Akshaya Srikanth Bhagavathula, Ph.D., FACE, associate professor of epidemiology, North Dakota State University

“Statistical significance is not always better than clinical relevance. A p-value is an indicator of how probable the observed data is under a null hypothesis; it is not a measure of the patient's benefit. Clinical trials that are proud of having a p < 0.05 without taking effect size or patient-reported outcomes into account may lead to results that are right in terms of statistics but they have no practical meaning.
Clinical relevance is the question of whether the effect changes the length of people's lives, their functions, or their feelings. As an illustration, a cancer drug trial may demonstrate a statistically significant survival improvement of three weeks, but with no quality of life. From a statistical lens, the trial achieved its goal. From a patient's perspective, it failed.

Moreover, the problem is deepened by dependence on averages. In a “significant” pooled effect, it may be that the benefits for some groups are minimized or even that the effects of these groups get worse, while the rest of the population derive good from it. Significance alone cannot differentiate between heterogeneity and justice.
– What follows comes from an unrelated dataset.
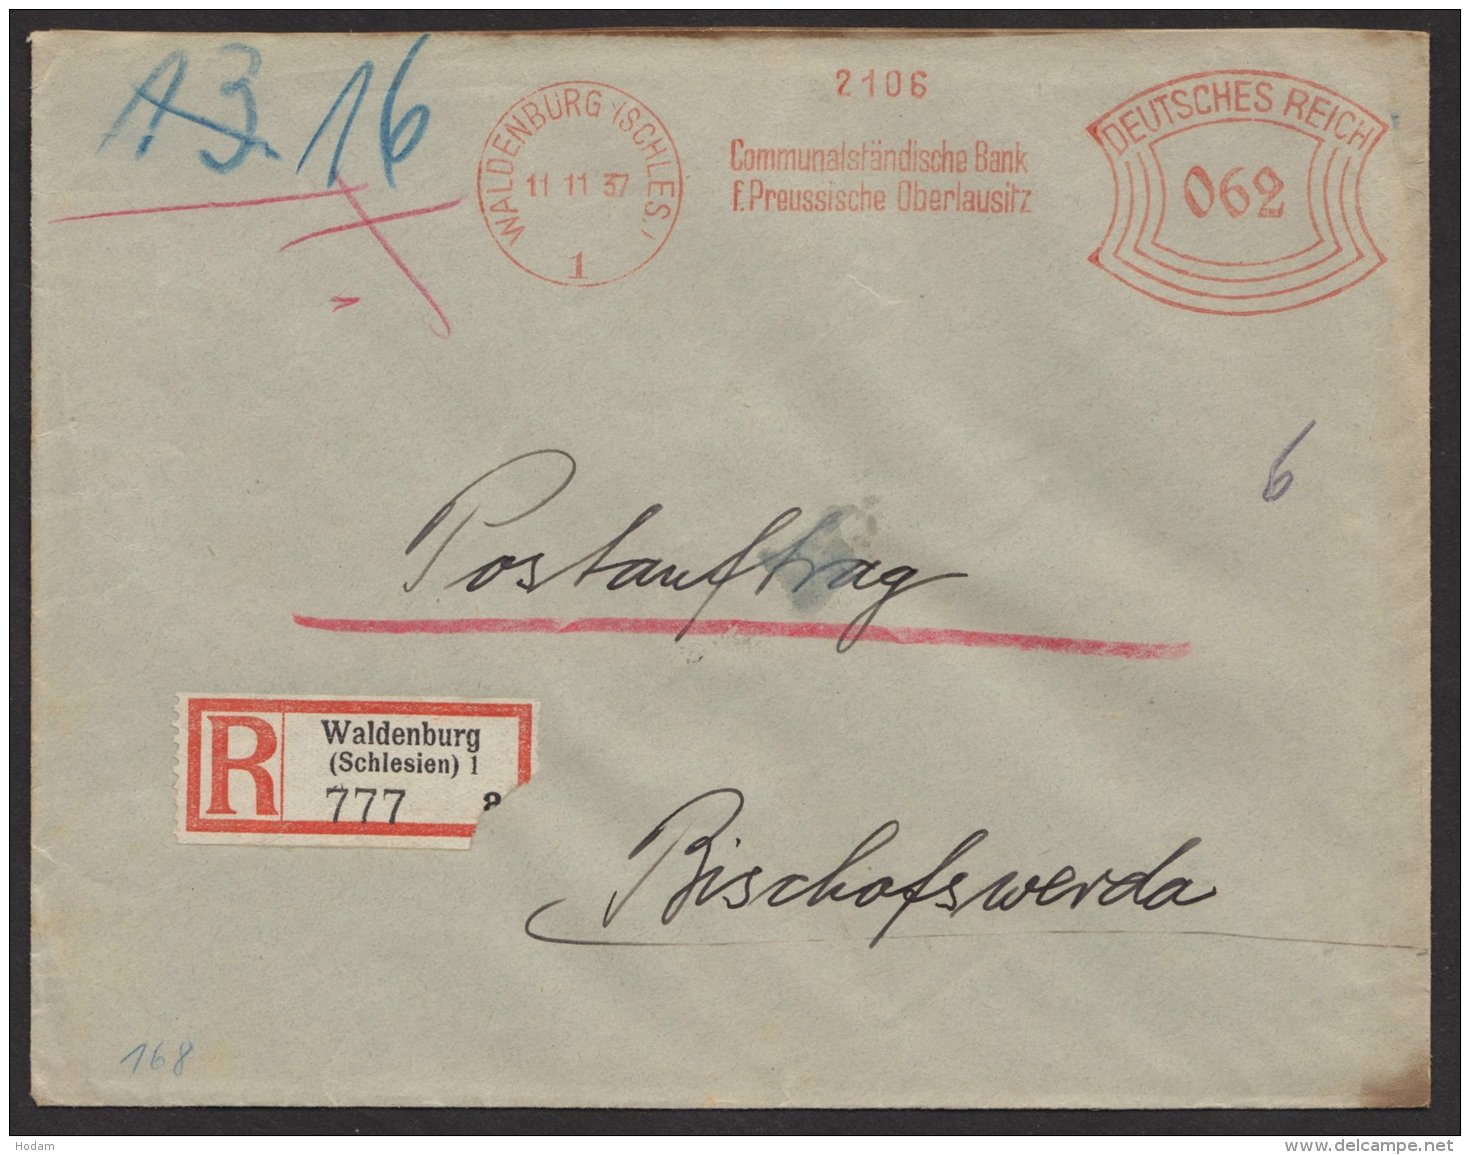 """""""Postauftrag"""", R-Brief """"Communal- Bank"""", Waldenburg/ Schlesien, 1937, Seltener Tarif Zu 62 Pfg. - Deutschland"""

Thus, the future trials must concentrate on estimation more: effect sizes with confidence intervals, number-needed-to-treat, and patient-reported outcomes. Furthermore, Bayesian models and real-world evidence are sources of richer context. The use of statistical significance can still be a checkpoint; however, it should never be more than a clinical meaning. Research is not done to get significant p-values; rather, it is done to provide evidence that has value for patients and that guides practice.”

Bob Discordia, cofounder, president, and CEO, EQUULUS Therapeutics

“I would disagree with the statement that statistical significance is preferable to clinical relevance, but the reason is nuanced. Statistical significance (commonly defined as p < 0.05) only indicates that an observed effect is unlikely due to chance, but it does not address whether the effect is meaningful for patients, improves outcomes, or warrants a change in practice. A study can achieve statistical significance yet provide only a trivial benefit, while clinically important effects may sometimes go undetected in underpowered studies. For this reason, the importance of interpreting p-values in the context of effect size, confidence intervals, and patient-reported outcomes cannot be overstated. In short, statistical significance is necessary but insufficient without context.”